I want help..i need help.
but, its hard.
I love Thursday.
FUCK
school = no fun
school = good grades..for once
dresden dolls seem to make me happy today..not many things have done that today.
serves you right for kissing little girls
well i made a bad decision.
and did something i shouldnt have done.
my entire body was numb
i felt no pain
and i had no personality
i was emotionless
and my boyfriend thought i was mad at him...until i told him what i had done...he was relieved...cause he thought i was gonna break up with him
he told me...that i shouldnt have done what i did...and that it made him sad that "a pretty little girl whos boyfriend is in love with her would hurt herself"
it made my insomnia worse
and gave me really bad stomach pains
and it made my heart beat fast
PS DRUGS ARE BAD
im sorta...upset in a way
my boy pretty much wanted me gone today..not around..i hope he doesnt want to take a break already..cause i mean..if he does that..ill be pretty upset..cause i havent done anything.
im just gonna wait it out..see what happens pretty much.
good thing he cant read this...he doesnt even know i have one of these...good thinggggg
even his mother said how rude it was...but whatever..
maybe im just in a bad mood tonight or something
i hope he doesnt want to hang out tomorrow, cause i dont think i want too
sorta upset...need to be with my wifey lauren
fear before makes me so happy
maybe i am just thinking the wrong thing and its not even what he thinks?
idk.
i have possesion all over my mind tonight. its such a wonderous thing to think of.

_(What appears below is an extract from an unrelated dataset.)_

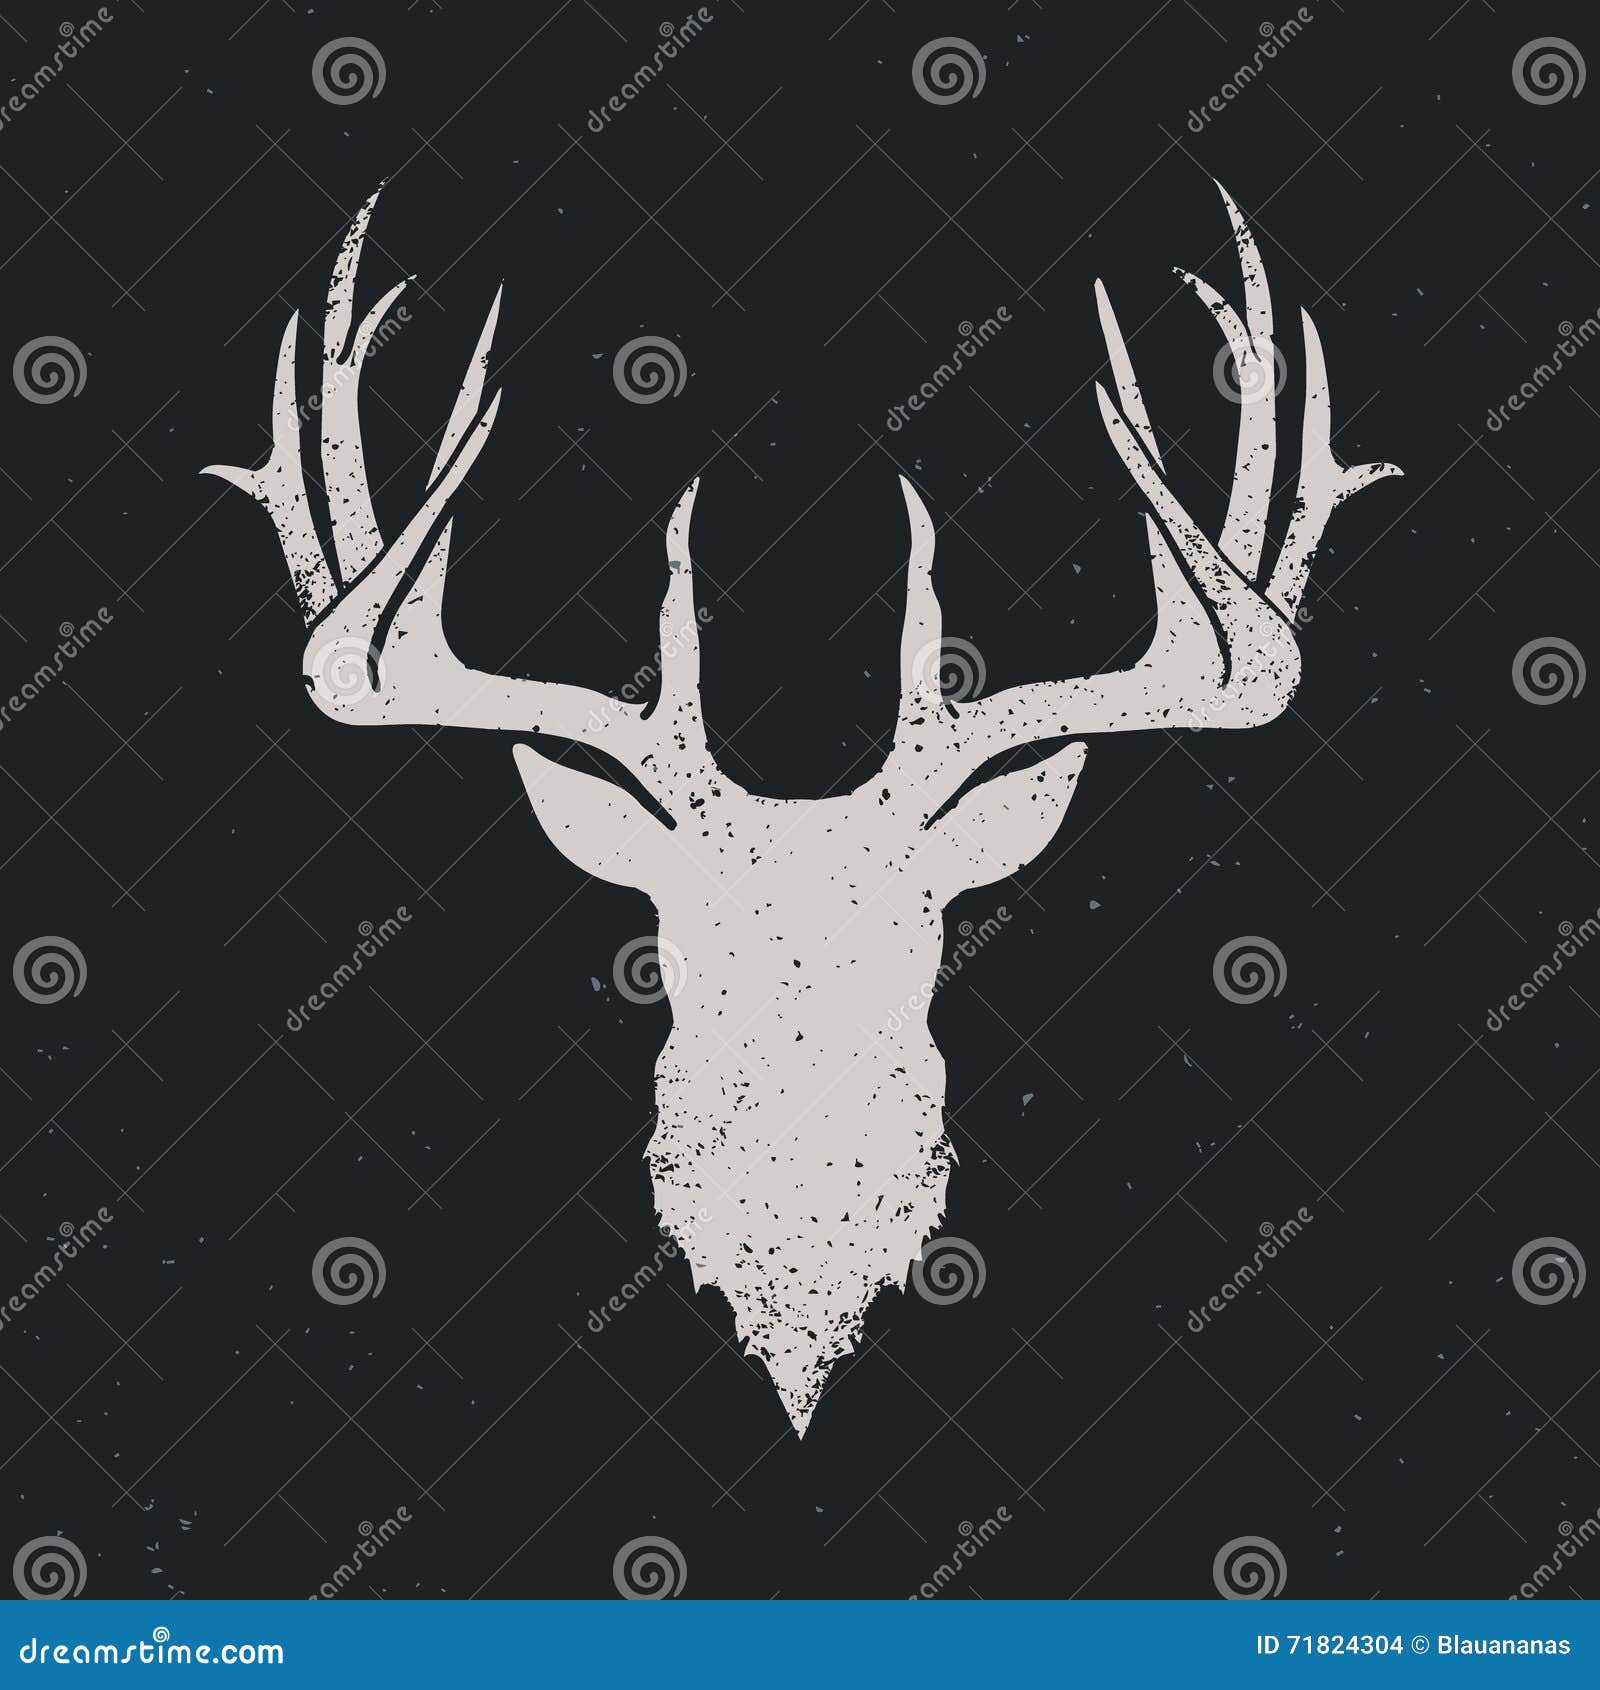 deer head silhouette invert

being taken over by demons...crazy
dont ask why i am thinking about it
im trying to keep up with this thing...but there is nothing exciting about this thing anymore. i could always re-decorate it..and write everyday..but i barely get comments anymore hint hint
ive been with my boyfriend for 6 weeks now..i really like him. i think me and him will be together for a while. i was over at his house the other day..and well..i have hickies on my neck...and i dont know how to hide them or cover them up. i dont think my parents have noticed yet...ive been wearing turtle necks and stuff..ive tried cover up...but it sucks. any suggestions?
my dog is hilarious..he is sleeping in the wierdest position i have ever seen..i cant explain it really..you just have to see it..haha its great..hes so cuteeeee
my wifey got her license, its pretty wonderful..we get to drive around without parents behind us the entire time.
yayyyyyy
you scratched my CD! you picked it up in broad daylight and you scratched it!
bye loves
my boyfriend [who i have been with for almost 6 weeks now...this sunday] wants me to spend new years with him.

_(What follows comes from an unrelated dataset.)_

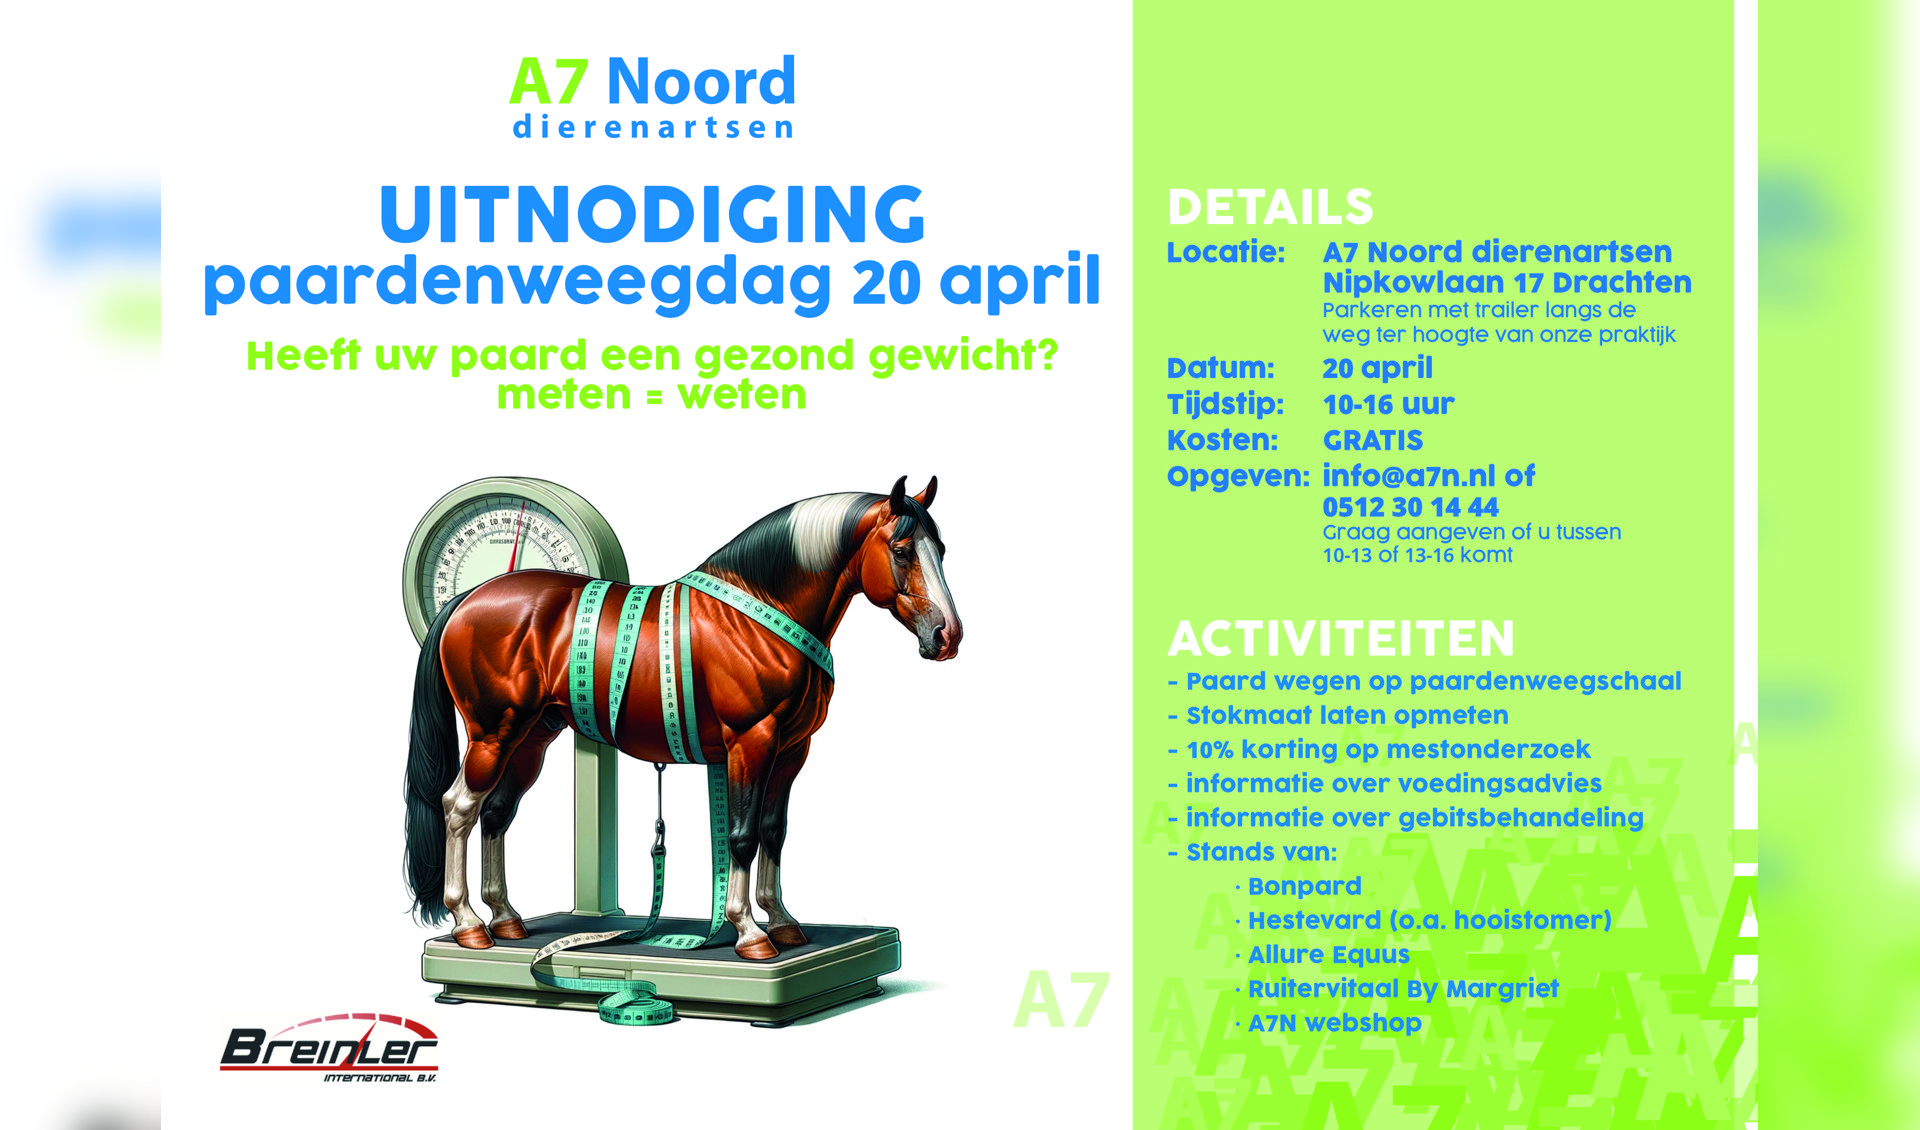 Uitnodiging Paardenweegdag 20 april bij A7 Noord dierenartsen in Drachten

of course, i have no problem with that at all.
except, hes going to spend it with his family...and he wants me to go.
his ENTIRE family.
i will be a mess, i cant be around big groups of people i dont know...because...i feel very insecure and nervous.
im terrified..so i will probably back out of it.
im a horrible girlfriend.
but i dont want to meet his entire family...cause..they will notice that im not talking and put the spot light on me and i hate it when that happens. terrifying.
me + backingout = safety
so i think im just gonna have some friends over for new years, it should be good.
me + cassie + lauren + DDR = LMFAO
it will be interesting
we will be falling on our asses
im gonna try and get steven to come over here..but i dont want him to ditch his family for me..cause i would feel like a Beeotch.
hm.
what do you think?
im sick today.
sadly.
it sucks
my body is trembling and weak
my parents are being parents and making eat...but im not hungry.
but im happy they made me eat, cause i feel alot better...but im still sick. plus of the vitamin pills they made me take.
i didnt get to hang out with my boi today.
i havent kept track of how long i have been going out with him
but i think i wrote down when he asked me out on here..
so thats good.
got to go, i have a headache
bye
i just watched king kong
it was pretty good
i watched it with my lovely steven
and his family
at the movies
exciting eh?
they are such nice people.
i bought steven a FFTL hoodie, its hellcute.
he bought THE BLED shirt and THE USED poster
hes adorable and makes me happy
i still have to paint my father a picture for christmas...damnit. ill do it tomorrow...but i have no clue what to make him.